İran’da genel grev çağrısı

Çağrı, 6 Kürt partisi tarafından yapıldı.

Kürt muhalifler geçtiğimiz ekim ayında Londra'daki Trafalgar Meydanı'nda Mahsa Amini protestolarını desteklemek için düzenlenen toplantıda bayraklarını açtılar. (AFP)
Kürt muhalifler geçtiğimiz ekim ayında Londra'daki Trafalgar Meydanı'nda Mahsa Amini protestolarını desteklemek için düzenlenen toplantıda bayraklarını açtılar. (AFP)
TT

İran’da genel grev çağrısı

Kürt muhalifler geçtiğimiz ekim ayında Londra'daki Trafalgar Meydanı'nda Mahsa Amini protestolarını desteklemek için düzenlenen toplantıda bayraklarını açtılar. (AFP)
Kürt muhalifler geçtiğimiz ekim ayında Londra'daki Trafalgar Meydanı'nda Mahsa Amini protestolarını desteklemek için düzenlenen toplantıda bayraklarını açtılar. (AFP)

İran'daki altı ana Kürt partisi, 16 Eylül'de İran Kürdistanı'nda genel grev çağrısında bulundu. Bu çağrı, İran asıllı Kürt kızı Mahsa Amini'nin ölümünün birinci yıl dönümünde yapıldı. Amini, ahlak polisi tarafından başörtüsünü kötü bir şekilde taktığı gerekçesiyle tutuklandıktan sonra yaşamını yitirmişti.

Şarku’l Avsat’ın Londra merkezli Arap Dünyası Haber Ajansı’ndan (AWP) aktardığına göre İran'daki Kürt partileri dün ortak bir bildiri yayınladı. Bildiride şu ifadelere yer verildi:

"Çeşitli toplantılar ve siyasi istişareler sonucunda, Doğu Kürdistan'daki siyasi partiler bir araya geldi ve 16 Eylül'ü tüm Kürdistan genelinde genel grev günü ilan etme kararı aldı. Bu grevde tüm dükkanlar, pazarlar, alışveriş merkezleri ve kurumlar kapalı olacak."
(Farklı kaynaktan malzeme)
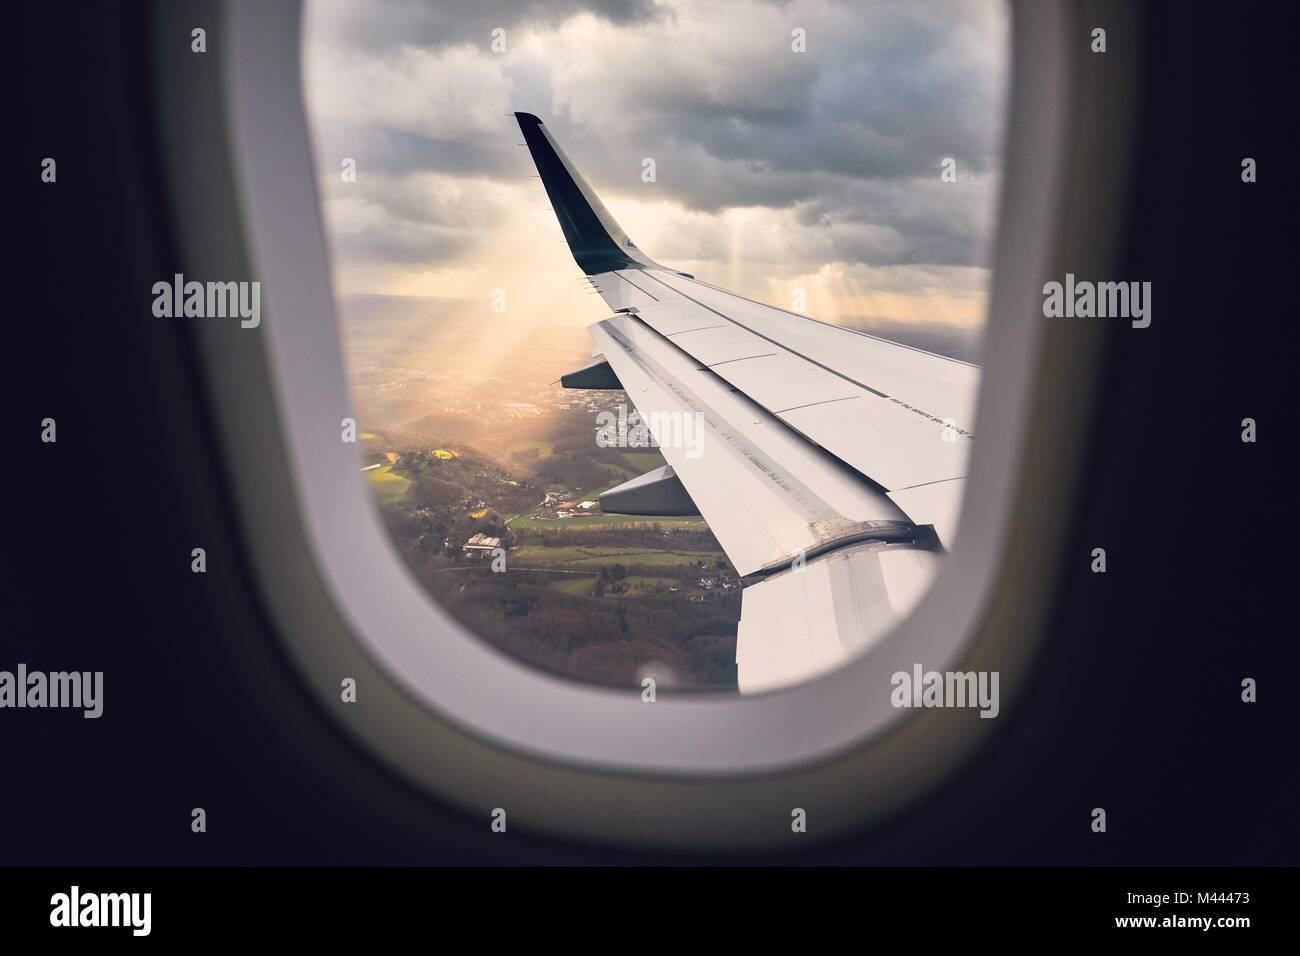 Landung während des Sturms. Blick aus dem Flugzeug Fenster. Stockfoto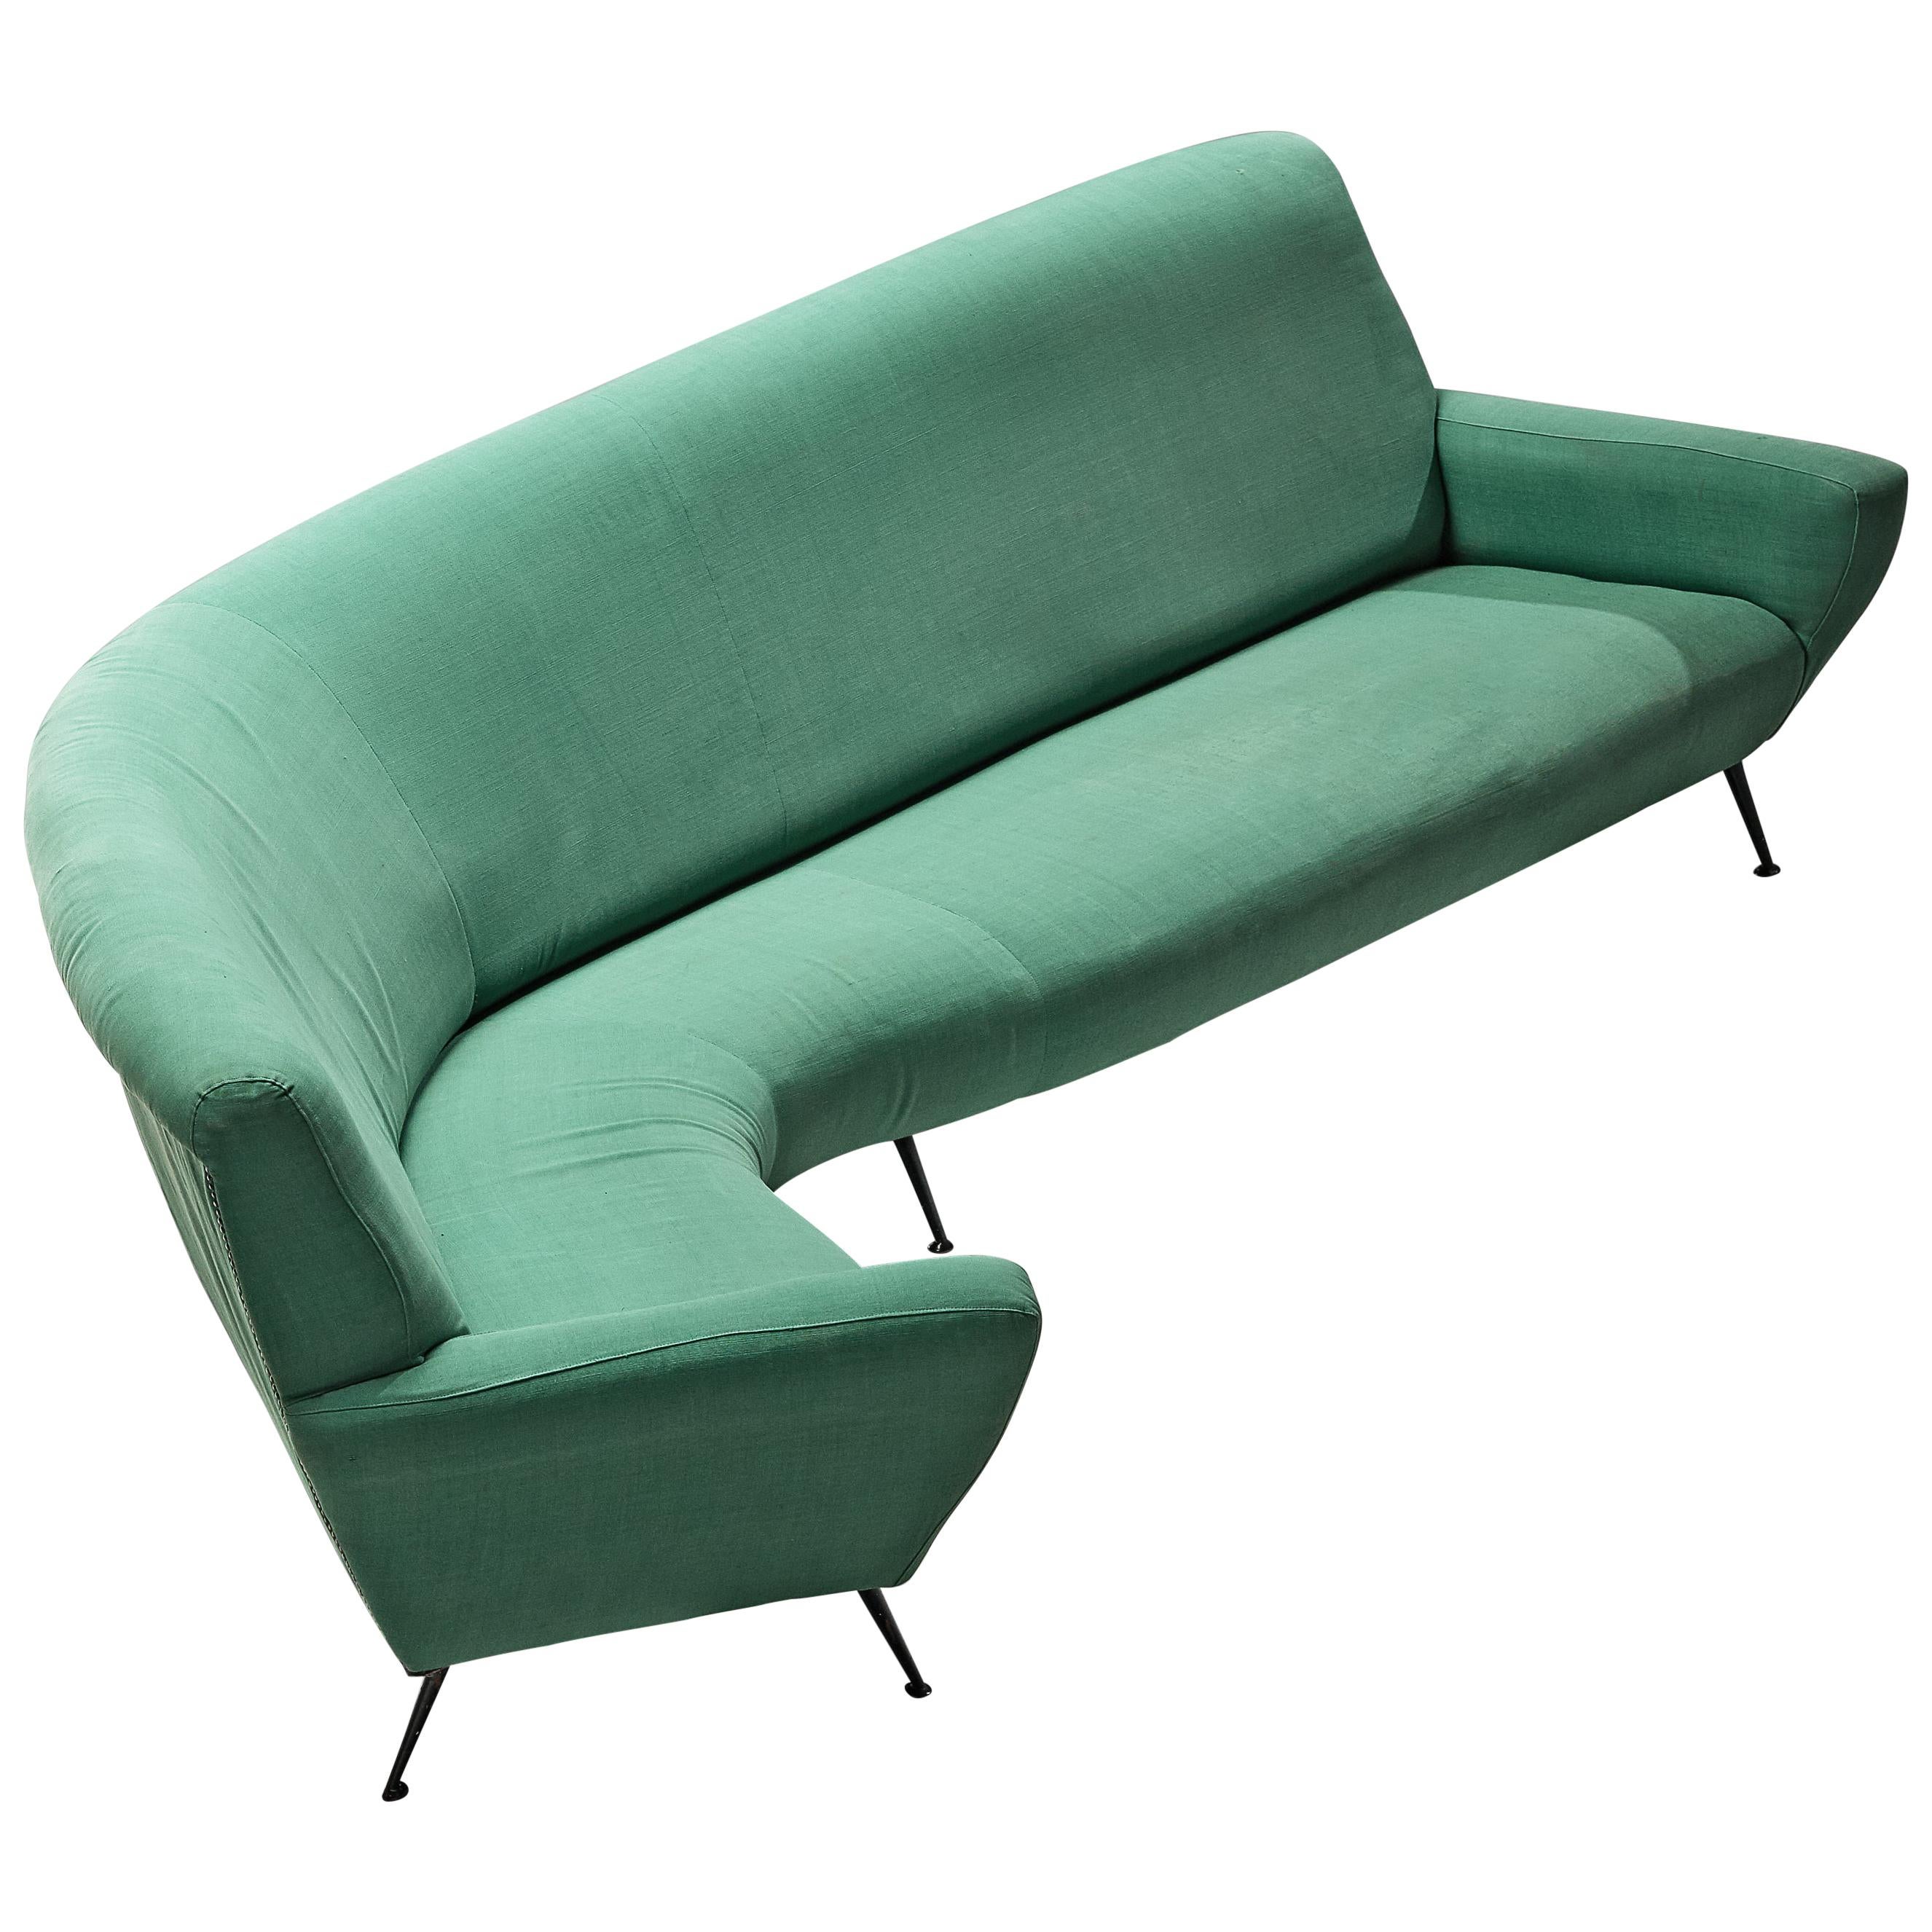 Gigi Radice for Minotti Curved Sofa in Green Upholstery

Bildiride ayrıca, ‘tüm özgürlük seven İran halkının’ Kürt halkının grevini desteklemesi çağrısı yapıldı. Bildiride, ‘Kadın, yaşam, özgürlük’ devriminin hedeflerine ulaşana kadar devam edeceği vurgulandı.

İran'daki Kürt partileri, aynı zamanda, İran rejimine karşı mücadele eden tüm devrimciler, ilerici güçler ve yurtdışındaki partileri genel grevi her şekilde desteklemeye, o gün protesto gösterileri ve mitingler düzenlemeye çağırdı. Ayrıca uluslararası toplumun dikkatini Mahsa Amini protestolarına çekme çağrısında bulundular.

Bildiriye göre Amini'nin cenaze töreni, ilk başta İran Kürdistanı'nda İran rejimi karşıtı büyük bir halk devriminin kıvılcımı oldu. Kısa süre sonra, İran'ın çoğu şehrini ve kasabasını kapsayacak şekilde yayıldı. Protestolar, İran güvenlik güçlerinin göstericileri bastırmak için uyguladığı şiddet nedeniyle yavaş ilerlemesine rağmen şu ana kadar devam ediyor.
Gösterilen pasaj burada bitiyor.